## WHAT YOU NEED TO DO
Below is a listing; retype exactly the lines between the one containing "speaker box material." and the one containing "Let The Sea", inclusive, minus the pictures.

## SOURCE MATERIAL
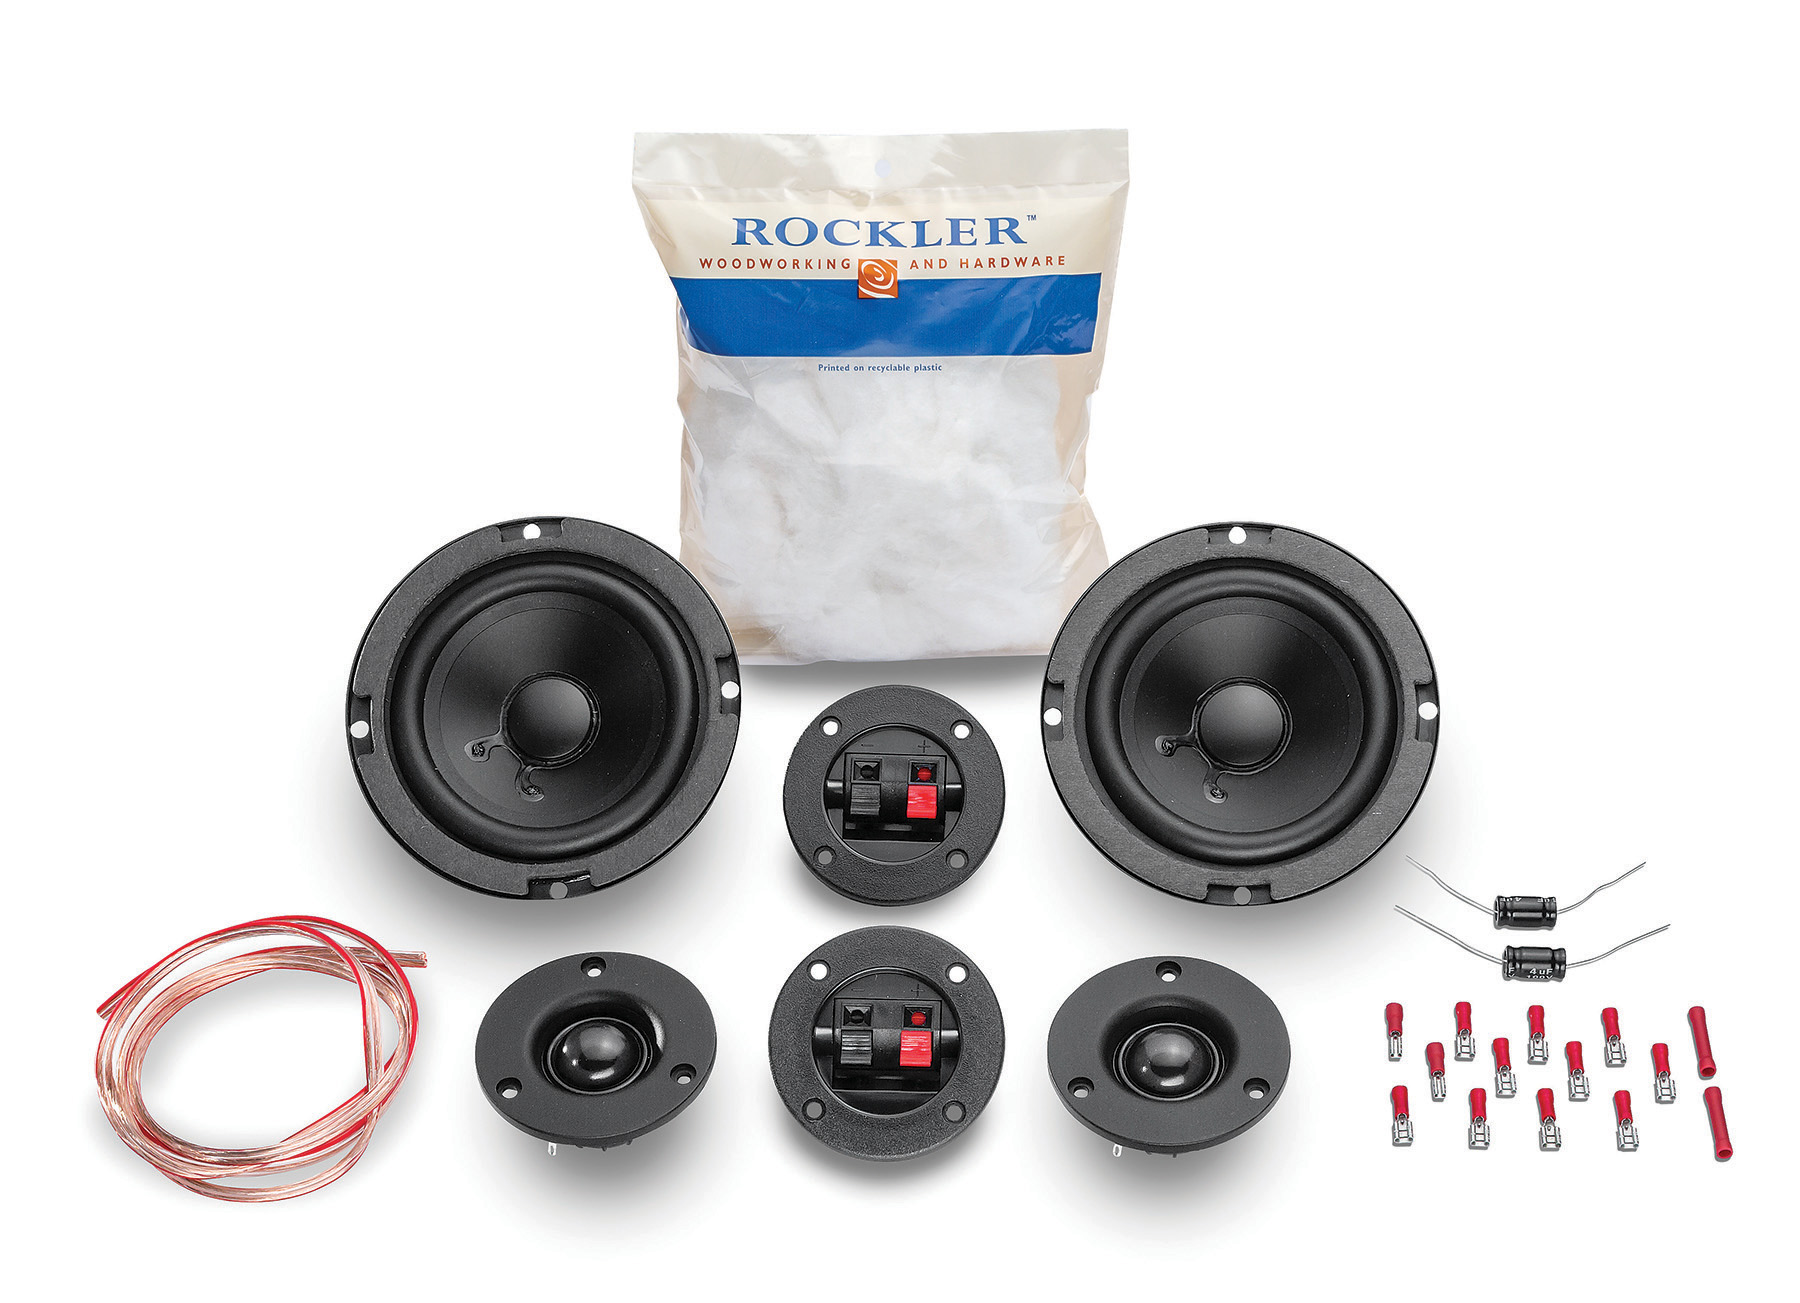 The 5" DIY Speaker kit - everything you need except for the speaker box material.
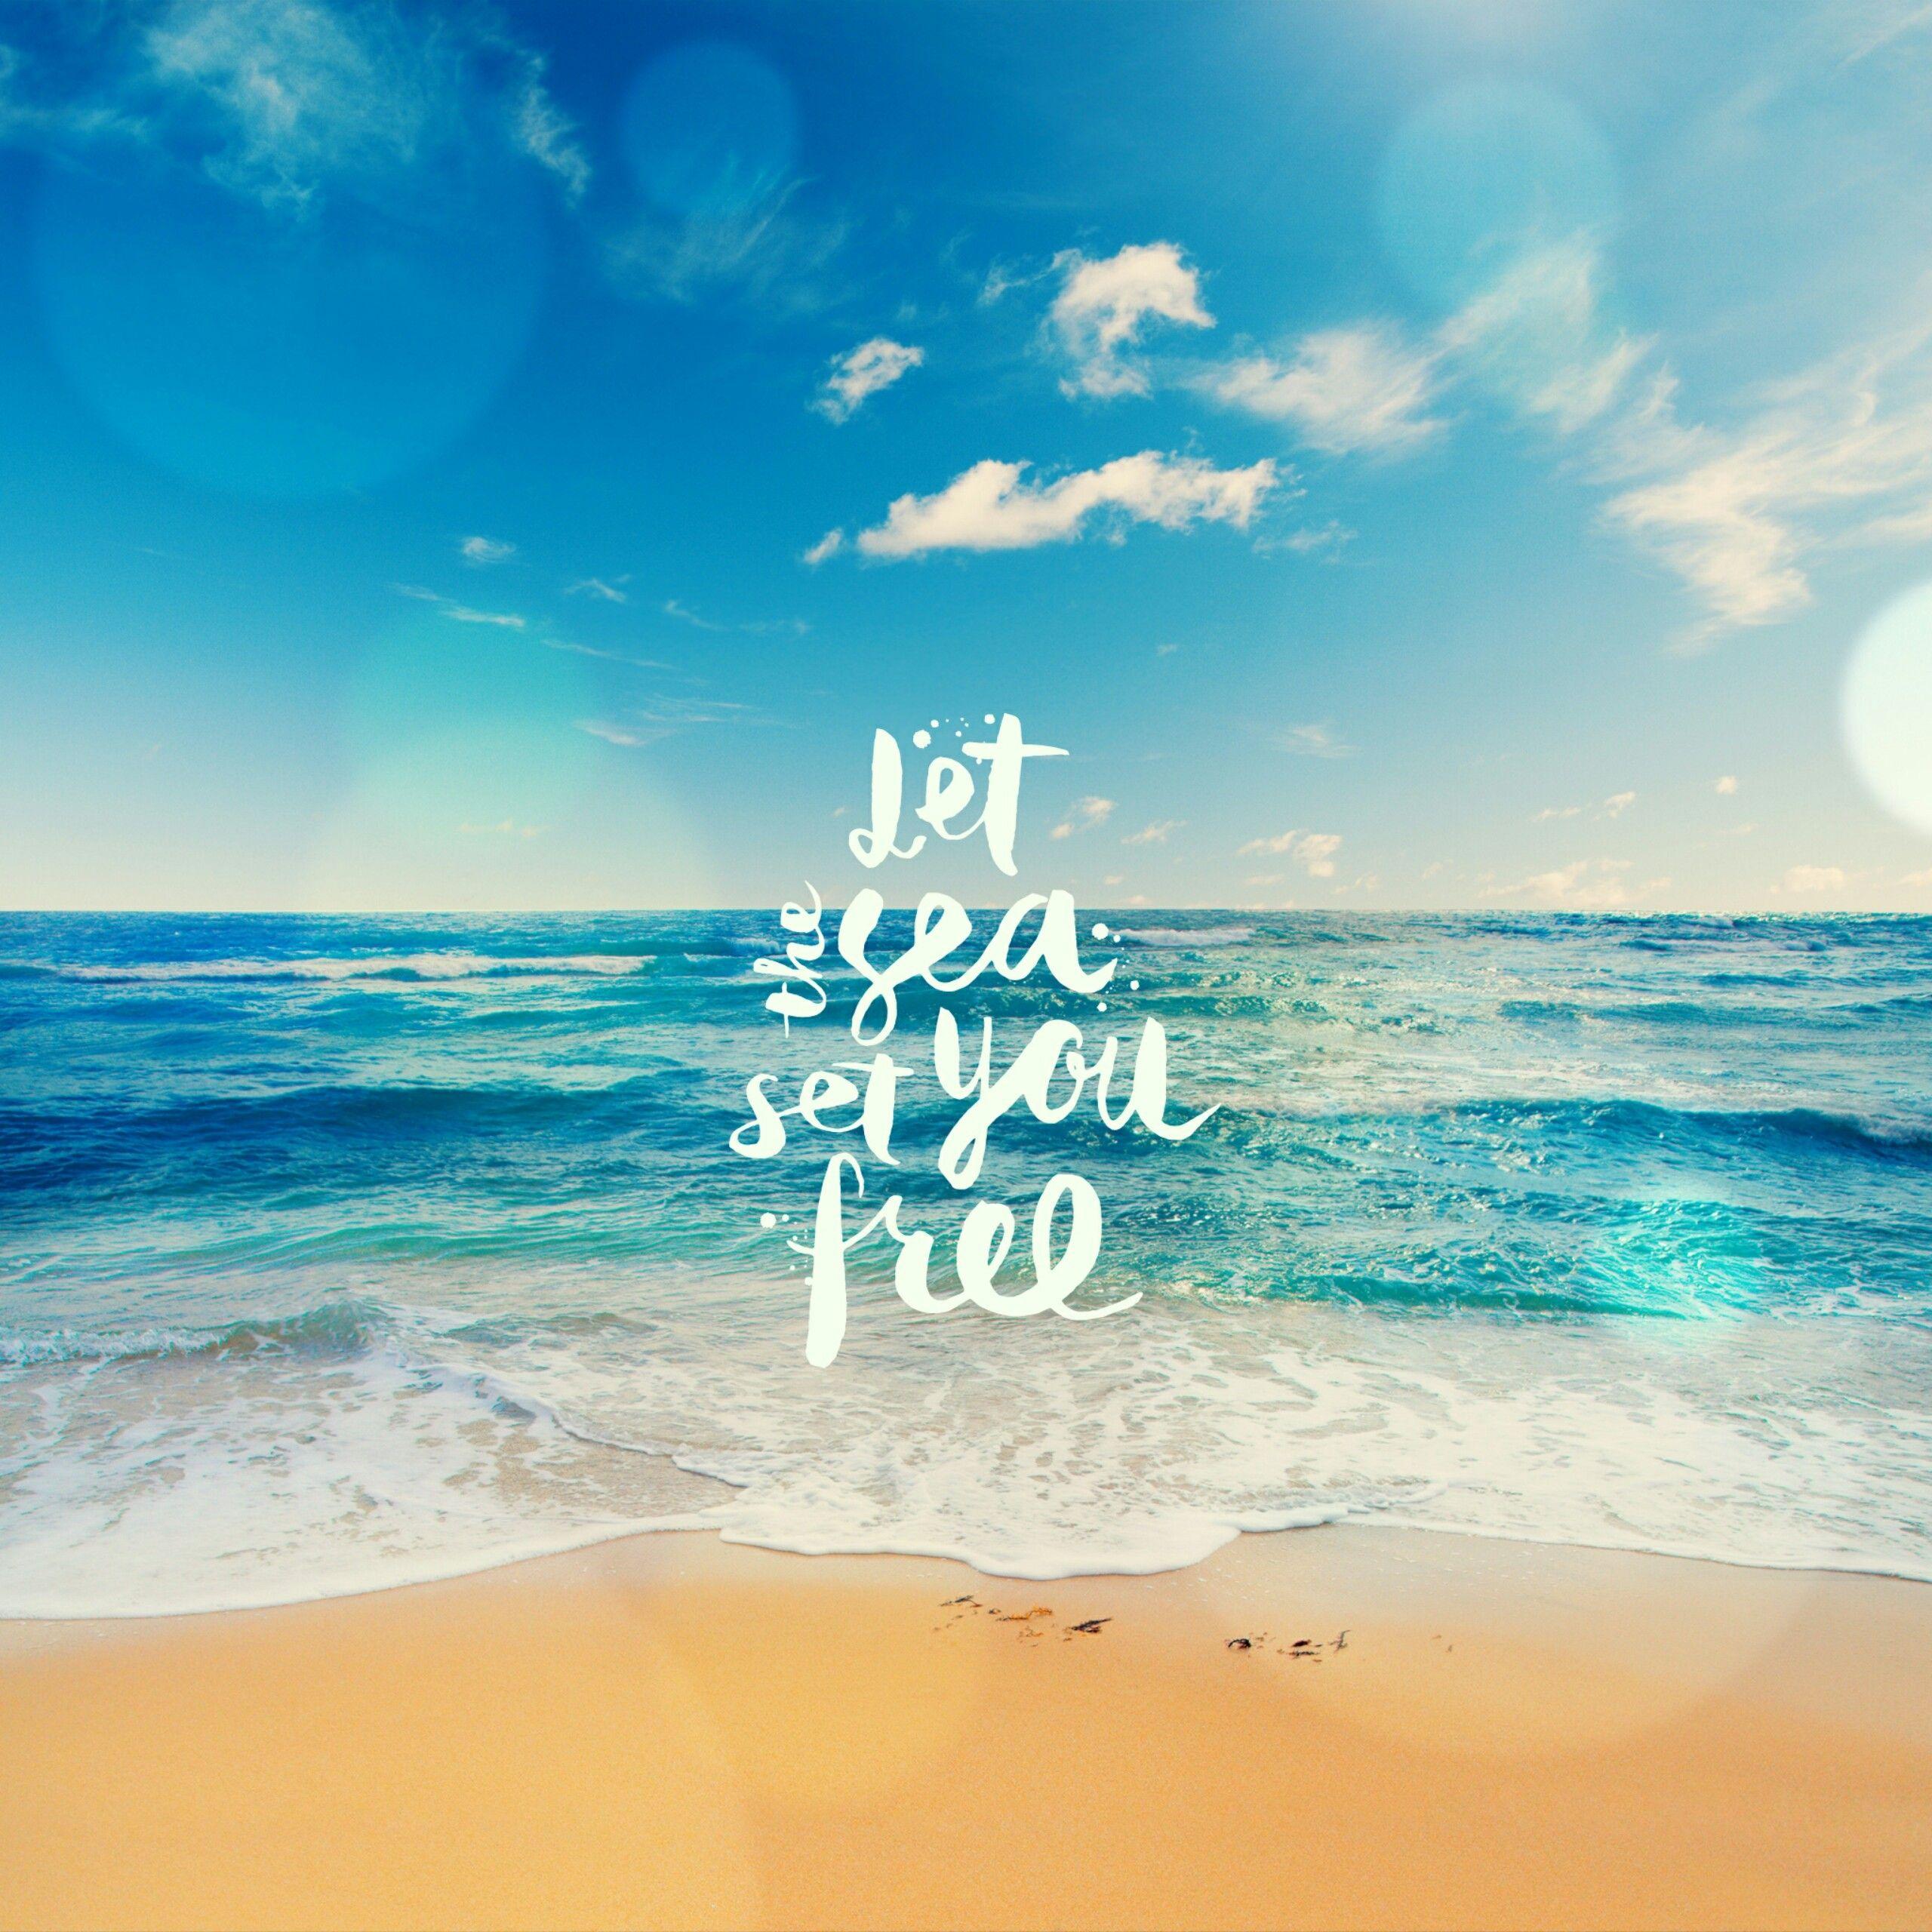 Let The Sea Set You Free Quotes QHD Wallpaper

* * *

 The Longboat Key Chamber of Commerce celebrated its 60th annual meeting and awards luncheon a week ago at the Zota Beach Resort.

## OUTPUT OF THE EXERCISE
 The 5" DIY Speaker kit - everything you need except for the speaker box material.
 Let The Sea Set You Free Quotes QHD Wallpaper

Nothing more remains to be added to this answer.